Online Upgrades, Mostly

When managing Big Data, the key feature is high availability. With multi-petabyte archives and potentially hundreds of client applications reading and writing files it’s typically very difficult to find a maintenance window where the storage can be offline for upgrades. But with cluster based solutions like GlusterFS you can upgrade hardware without imposing downtime on clients due to the replica based architecture of GlusterFS. Multiple replicas provides access to data even if one copy of the data on a given appliance node goes offline.
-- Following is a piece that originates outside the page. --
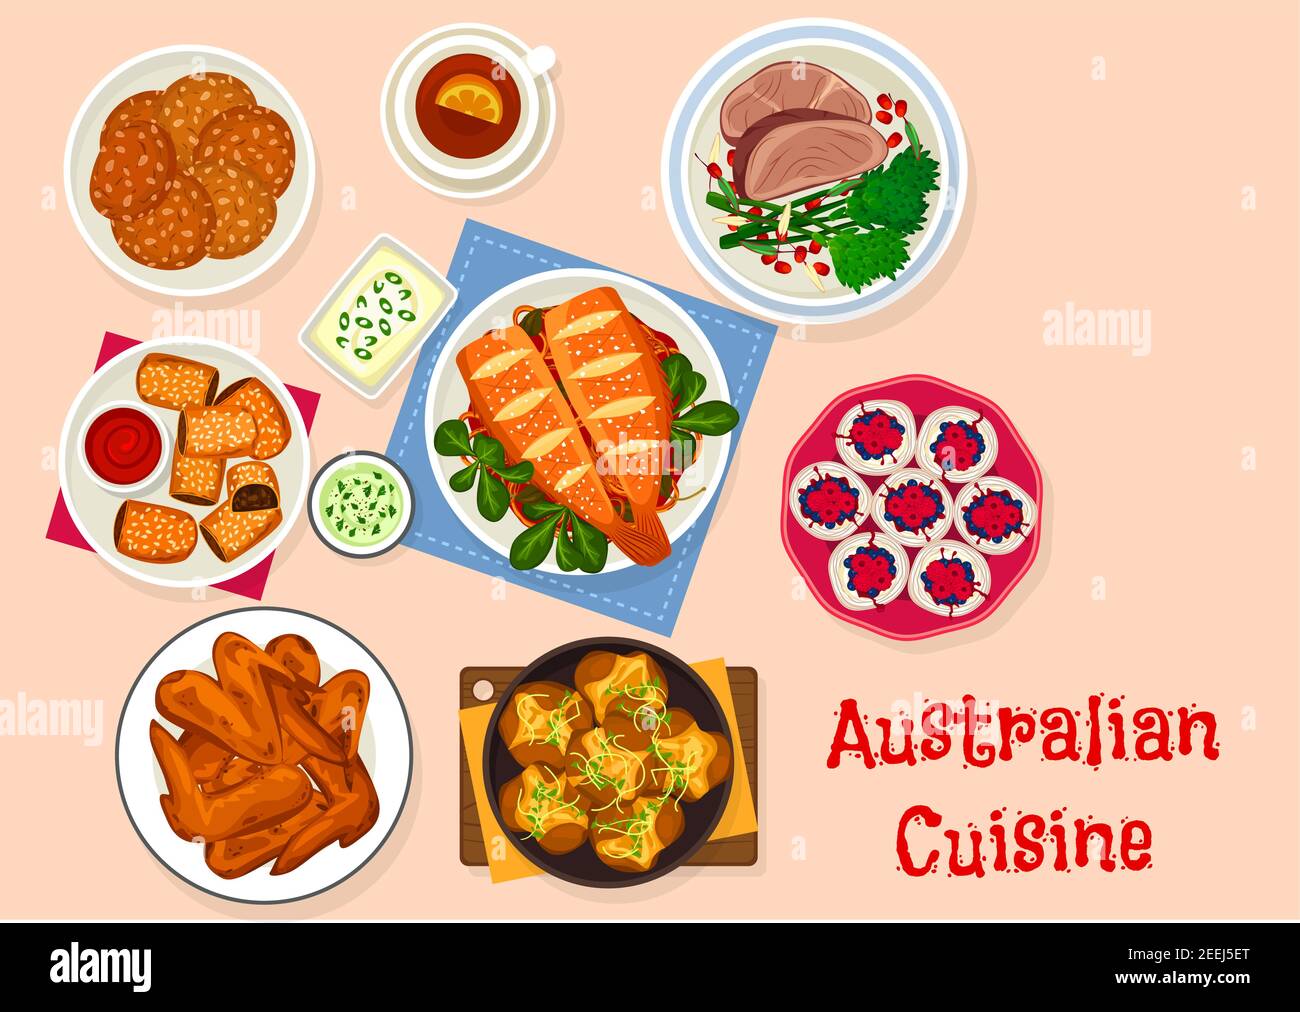 Australian cuisine traditional food icon with bbq chicken wings, beef steak, baked fish with vegetable, baked potato with herbs, lamb pie, meringue be Stock Vector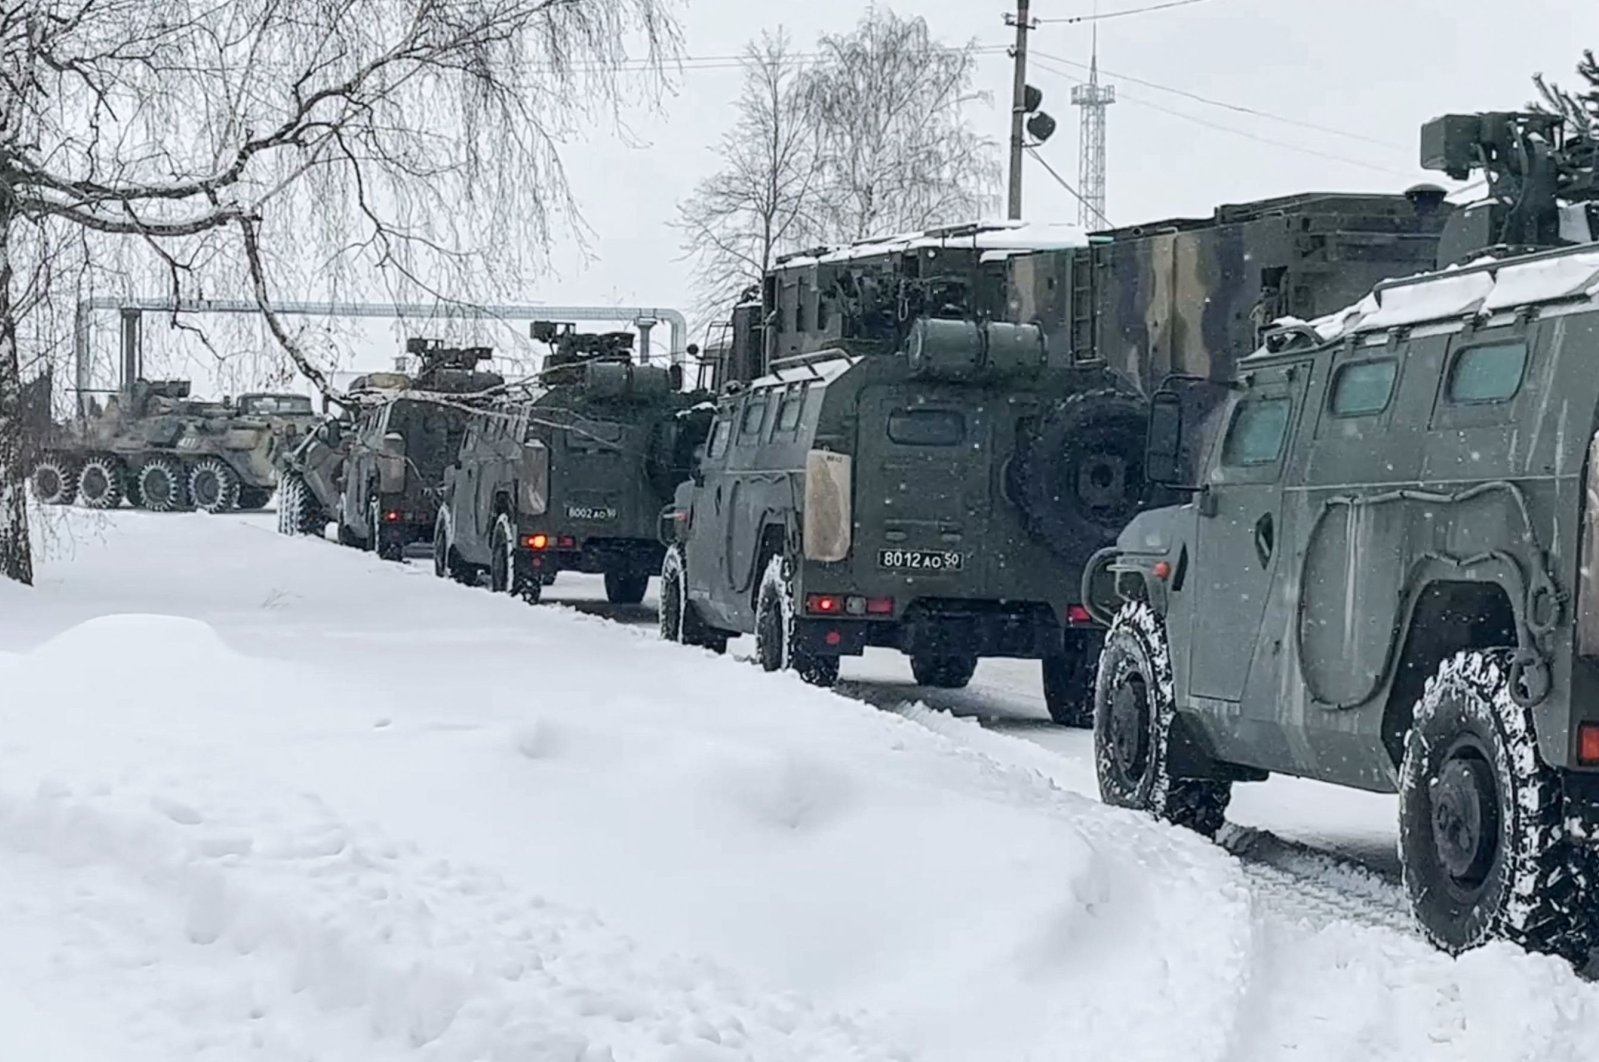 This handout image grab taken and released by the Russian Defense Ministry on Jan. 6, 2021, shows Russian military vehicles waiting to load a military cargo plane to depart to Kazakhstan as a peacekeeping force at the Chkalovsky airport, outside Moscow, Russia. (AFP Photo)

The trouble is that when updating GlusterFS software a coordinated upgrade across nodes may be required where a maintenance window is required. This is because the introduction of new features can at times be very difficult to synchronize while old versions of the software are running on other nodes. In general, the GlusterFS team has done a great job with the more recent versions but when looking at any storage deployment you’ll need to factor in a maintenance window, and if you can’t afford one, you’ll need to setup replication so that you have failover ability to a second storage cluster while the first one is being upgraded.

Boosting Efficiency with Erasure Coding

The downside to using replicas for high-availability is the dramatic drop in useable storage. With two copies of every file, only 50 percent of your storage is usable. And with three copies only 33 percent is usable. This means that if you have 10PB of files and you are going to maintain 2 copies of each file so that your solution is highly available, you will need to purchase 20PB of raw storage.

Erasure coding takes a different approach to delivering high-availability and fault-tolerance by using parity information so that your storage overhead can be as low as 10 percent in some cases. Therefore, instead of needing to buy 20PB of raw storage you will only need ~12PB.  For those familiar with RAID technology you can think of it as loosely similar to network RAID5. This is a new capability for GlusterFS and it’s critical for deployments that need to scale to 10s of petabytes as the cost in just raw hardware and power becomes a serious issue using the replica model.

Making GlusterFS Easy to Manage

QuantaStor takes a holistic approach to GlusterFS integration by bringing management, monitoring, and NFS/CIFS services together so that deployments can be done faster, easier, with point-click-provision simplicity.

Provisioning GlusterFS Volumes

Gluster Volumes are provisioned from the ‘Gluster Management’ tab in the QuantaStor web management interface. To make a new Gluster Volume simply right-click on the Gluster Volumes section or choose Create Gluster Volume from the tool bar (Figure 1).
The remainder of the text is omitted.